Grain-fed, grass-fed, marbled, prime cuts, secondary cuts — steak is an expensive commodity, and there are so many options available in butcher shops and supermarkets that it can be hard to know where to start. Nothing beats a succulent steak cooked to perfection. However, there are a few factors to take into consideration when cooking a steak; the cut, the way it’s treated and the heat source all help to determine the juiciness in the end.
The Cuts — Prime and Secondary
A prime cut comes from areas of the cow that do little work. Porterhouse and Scotch fillet steaks, for example, come from areas protected by the ribcage. Consequently, they are more tender and more expensive.
A secondary cut is from areas of the cow that have worked harder. Round steak, also known as barbecue steak, comes from around the hind legs and is a less expensive cut. Oyster-blade is also considered steak, but needs long, slow cooking to achieve tenderness.
Grass or Grain
Grass-fed cattle has yellower fat with redder meat; it is slightly chewier than grain fed, but with a more natural beef taste. Grain-fed beef has a creamier flavor and is more textural and tender, with darker coloring. The fat is whiter than that of grass-fed cattle. Most chefs prefer grain-fed beef for the ultimate creaminess in the mouth, but if it’s a natural beefy taste you’re after, grass-fed is the way to go.
To Age or Not to Age
Dry-aged meat has been hung, out of plastic, for about 60 to 90 days. Tender and complex of flavor, the flesh is also darker in color. A dry-aged piece of steak doesn’t have much moisture content, so cook it quickly and eat it on the medium rare side to keep it juicy.
There are no rules to marinating meat, but a good thing to keep in mind is that acidic ingredients like lemon juice can slowly cook it, so marinate in these acidulous liquids for a shorter time. For tenderizing a tougher cut of meat let it marinate in soy sauce for about an hour before cooking.

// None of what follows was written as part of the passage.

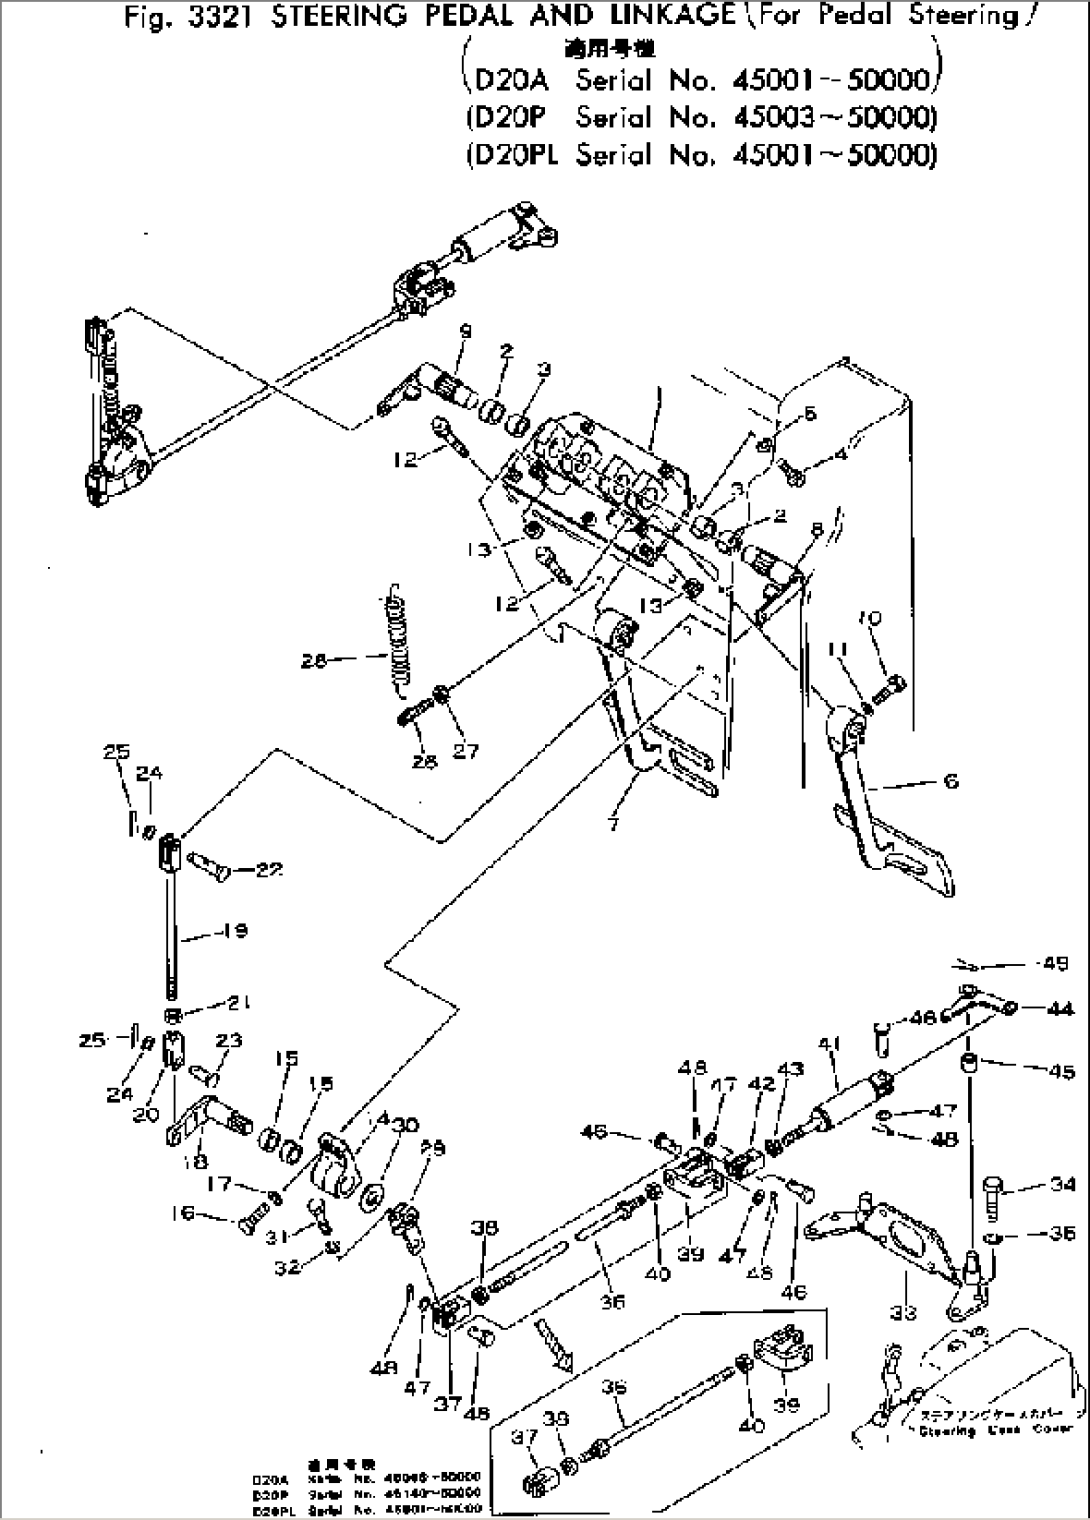 STEERING PEDAL AND LINKAGE (FOR PEDAL STEERING)(#45001-50000)

Consider a fresh marinade; just slice a selection of herbs and chili, and combine with salt, pepper, olive oil and a little lemon juice. Once the steak is cooked, allow it to rest in this marinade so it will combine with the oil and lemon juice. Once rested, pour the remaining marinade over the steak. Pesto works well here too.
Cook it Right
Most chefs allow their steak to reach room temperature before grilling. This helps the meat cook more evenly. The less fat the cut has, the less room for error when cooking it. If you overcook a prime cut like a fillet steak, it will lose its delicate texture, resulting in a dry piece of meat. Cook it hot and fast for the best results if you’re grilling fillet steak.
The perfect steak needs searing heat, so barbecues or cast iron grill pans are the best choices cooking vessels. To help prevent smoking, always oil the steak, not the grill. Once in the pan, leave it alone; don’t keep turning it. Allow the steak to sit on the grill in the one place to develop a flavorful crust that also helps to seal in the juices.
Once your steak is off the grill, the flesh is tense. By resting it for five or 10 minutes, the juices will flow back through the meat, allowing it to relax and become tender.
Steak is a nutritious main course that cooks quickly and offers many delicious flavor combinations and styles of cooking. Keep this advice in mind when choosing and cooking steak for the ultimate restaurant quality meal in no time.